Context of the Innovation

The Washington Dental Service Foundation is the State’s largest foundation focused on improving oral health. Funded by the Washington Dental Service (a nonprofit dental benefits company serving more than 2 million State residents), the Foundation supports a variety of programs to prevent oral disease, expand access to dental care, and increase awareness of the importance of oral health. The Department of Pediatric Dentistry within the University of Washington School of Dentistry promotes the oral health of infants, children, adolescents, and persons with special needs through service provision, education, and research. The Washington State Health Care Authority administers the state Medicaid program, which provides coverage to more than 1.3 million people (almost 500,000 of whom are children). The Washington State Dental Association has more than 4,000 members, representing more than 70 percent of practicing dentists in Washington. The Spokane Regional Health District is the local public health agency serving a population of more than 400,000 in Spokane County.

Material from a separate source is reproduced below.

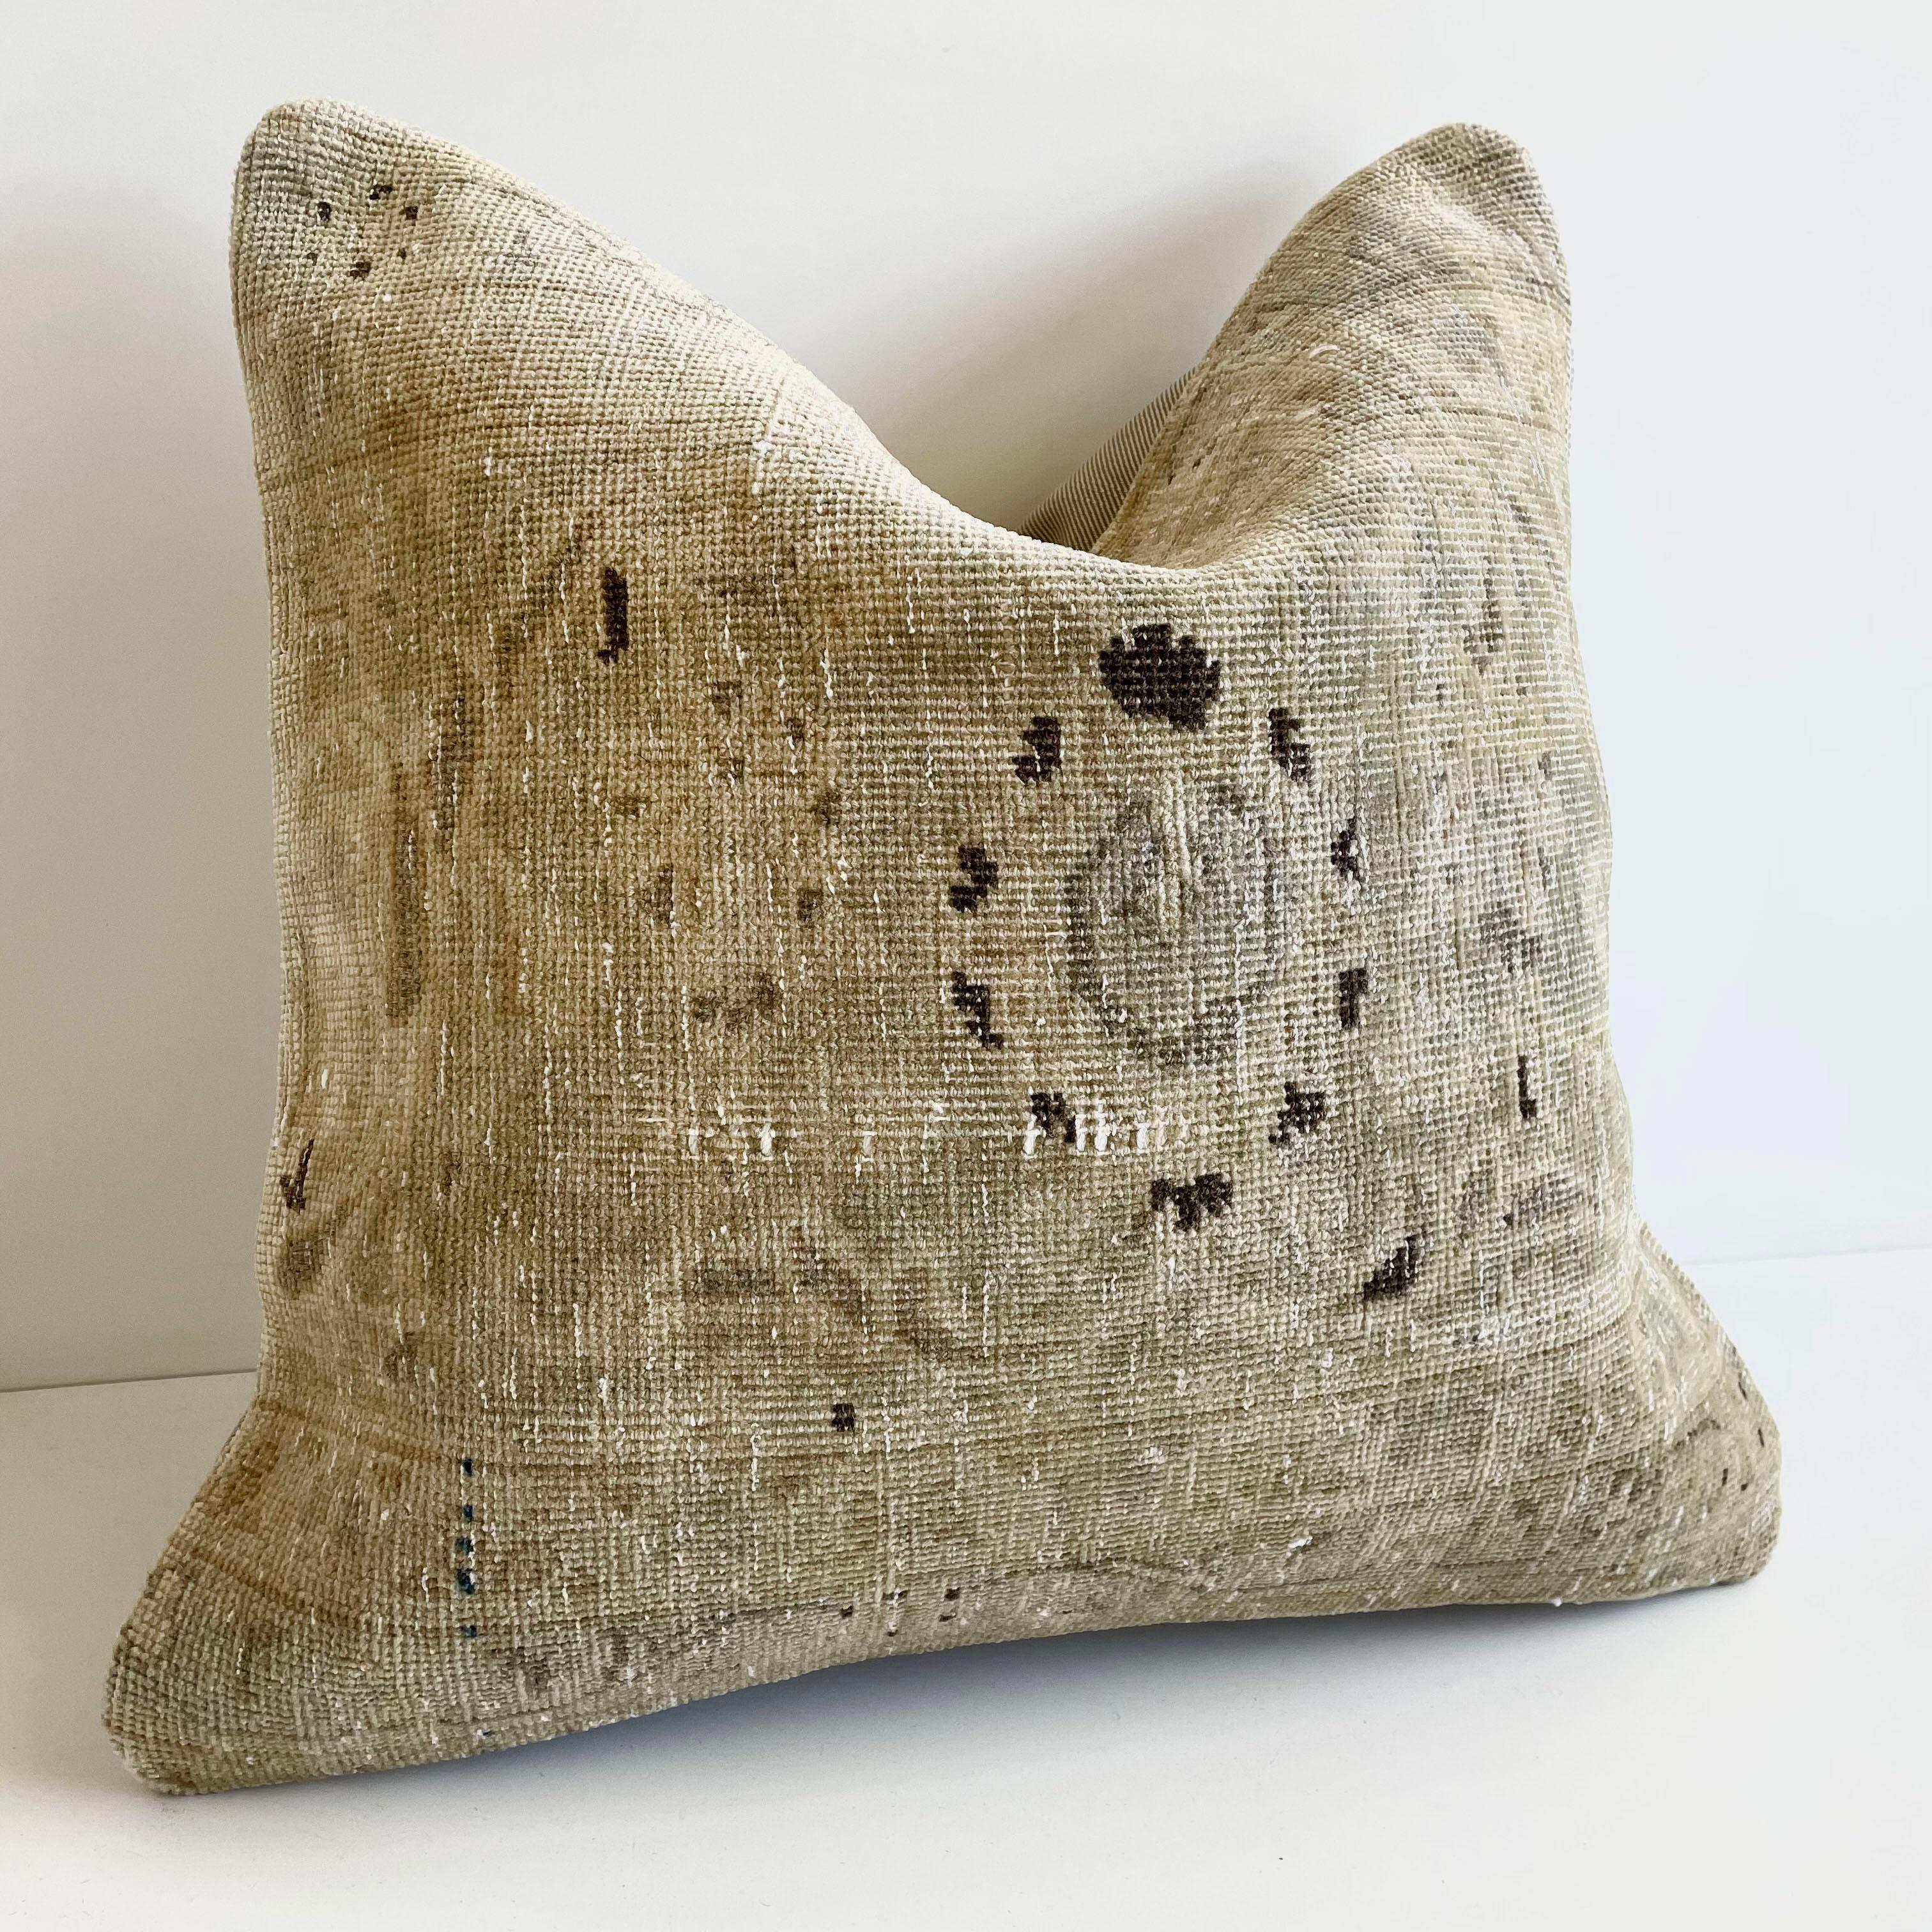 Antique woven rug pillow in natural gray brown and taupe with geometric patterns. The backside is a coordinating cotton. Our pillows are constructed with vintage one of a kind textiles from around the globe. Carefully constructed with the finest

The impetus for the ABCD program dates back to 1994, when researchers in the Department of Pediatric Dentistry evaluated the oral health needs of children in Spokane County and identified a significant problem with access to care, particularly in young children (ages 0 through 5) enrolled in Medicaid. The Spokane District Dental Society took a leadership role in addressing the problem, in collaboration with representatives from the Spokane Regional Health District, the School of Dentistry, and Washington State’s Medicaid Program, to identify the barriers to receiving dental care. Major barriers included low Medicaid fee schedules, poor systems for linking patients to dental offices, parental fears regarding dental care, parents not understanding the need for dental care for their young children, families not understanding appropriate dental office etiquette (including the need to show up for appointments, as no-show rates were high), and lack of knowledge and skills among general dentists about how to care for young children. As noted, the program was initially launched in Spokane County in 1995. Subsequently, with the Foundation’s leadership, various stakeholders came together to spread the practice across Washington State, developing the ABCD program in a way that addressed each barrier.

Did It Work?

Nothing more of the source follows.